Meta-ethnography in healthcare research: a guide to using a meta-ethnographic approach for literature synthesis

Raabia Sattar, Rebecca Lawton, Maria Panagioti, Judith Johnson

Research output: Contribution to journalArticlepeer-review

Abstract

BACKGROUND: Qualitative synthesis approaches are increasingly used in healthcare research. One of the most commonly utilised approaches is meta-ethnography. This is a systematic approach which synthesises data from multiple studies to enable new insights into patients' and healthcare professionals' experiences and perspectives. Meta-ethnographies can provide important theoretical and conceptual contributions and generate evidence for healthcare practice and policy. However, there is currently a lack of clarity and guidance surrounding the data synthesis stages and process.

METHOD: This paper aimed to outline a step-by-step method for conducting a meta-ethnography with illustrative examples.
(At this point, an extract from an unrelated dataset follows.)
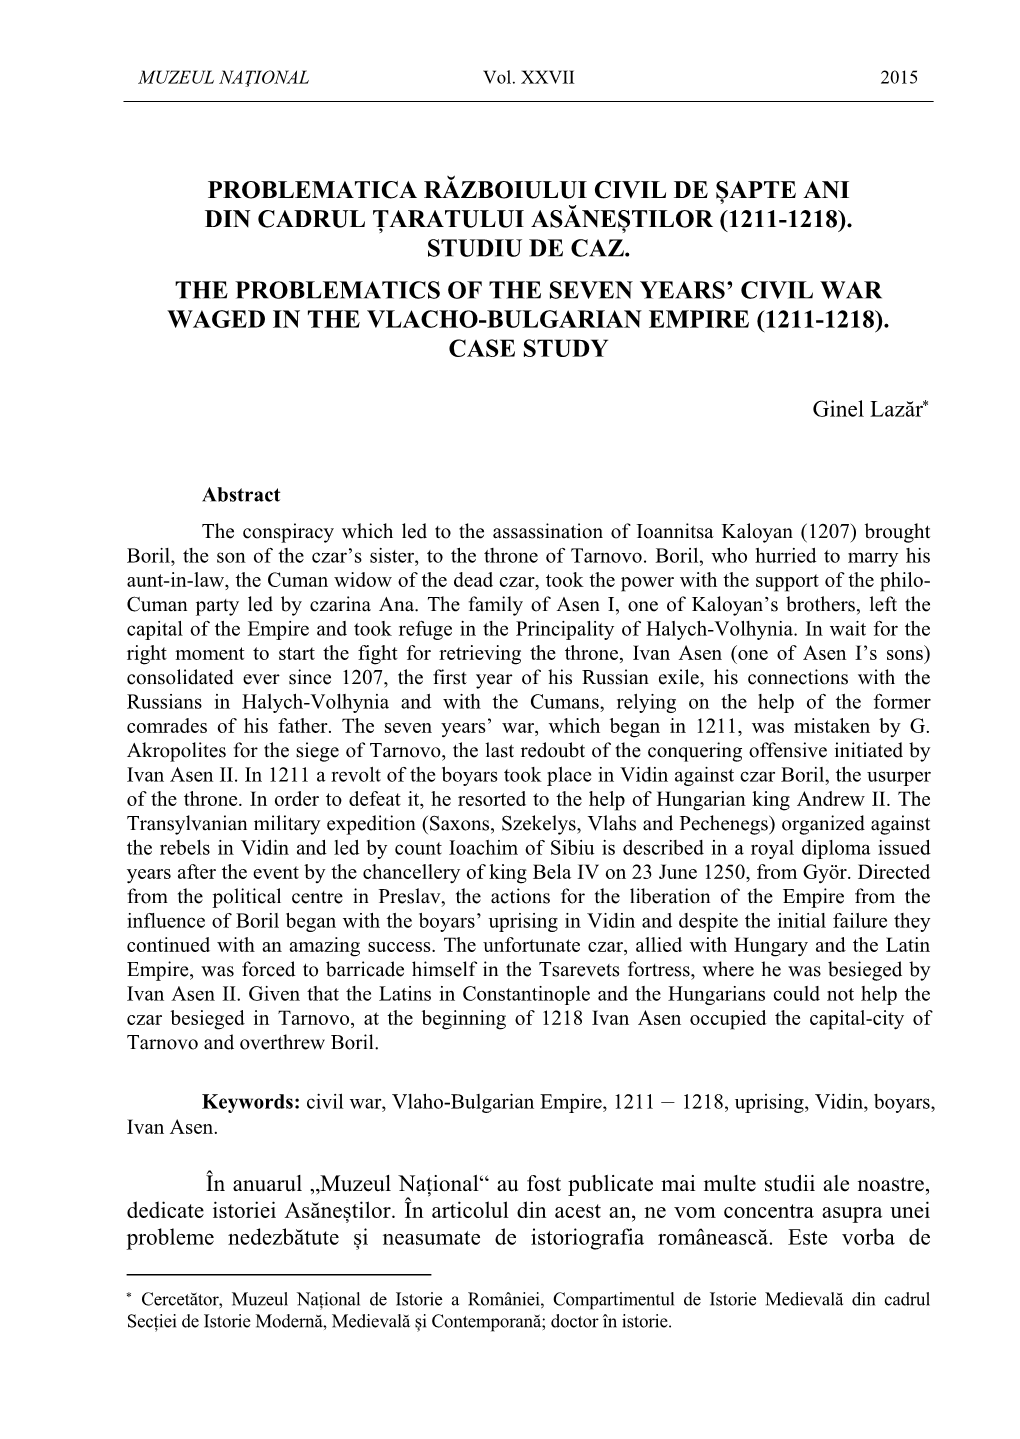 Problematica Războiului Civil De Șapte Ani Din Cadrul Țaratului Asăneștilor (1211-1218)

RESULTS: A practical step-by-step guide for conducting meta-ethnography based on the original seven steps as developed by Noblit & Hare (Meta-ethnography: Synthesizing qualitative studies.,1998) is presented. The stages include getting started, deciding what is relevant to the initial interest, reading the studies, determining how the studies are related, translating the studies into one another, synthesising the translations and expressing the synthesis. We have incorporated adaptations and developments from recent publications. Annotations based on a previous meta-ethnography are provided. These are particularly detailed for stages 4-6, as these are often described as being the most challenging to conduct, but with the most limited amount of guidance available.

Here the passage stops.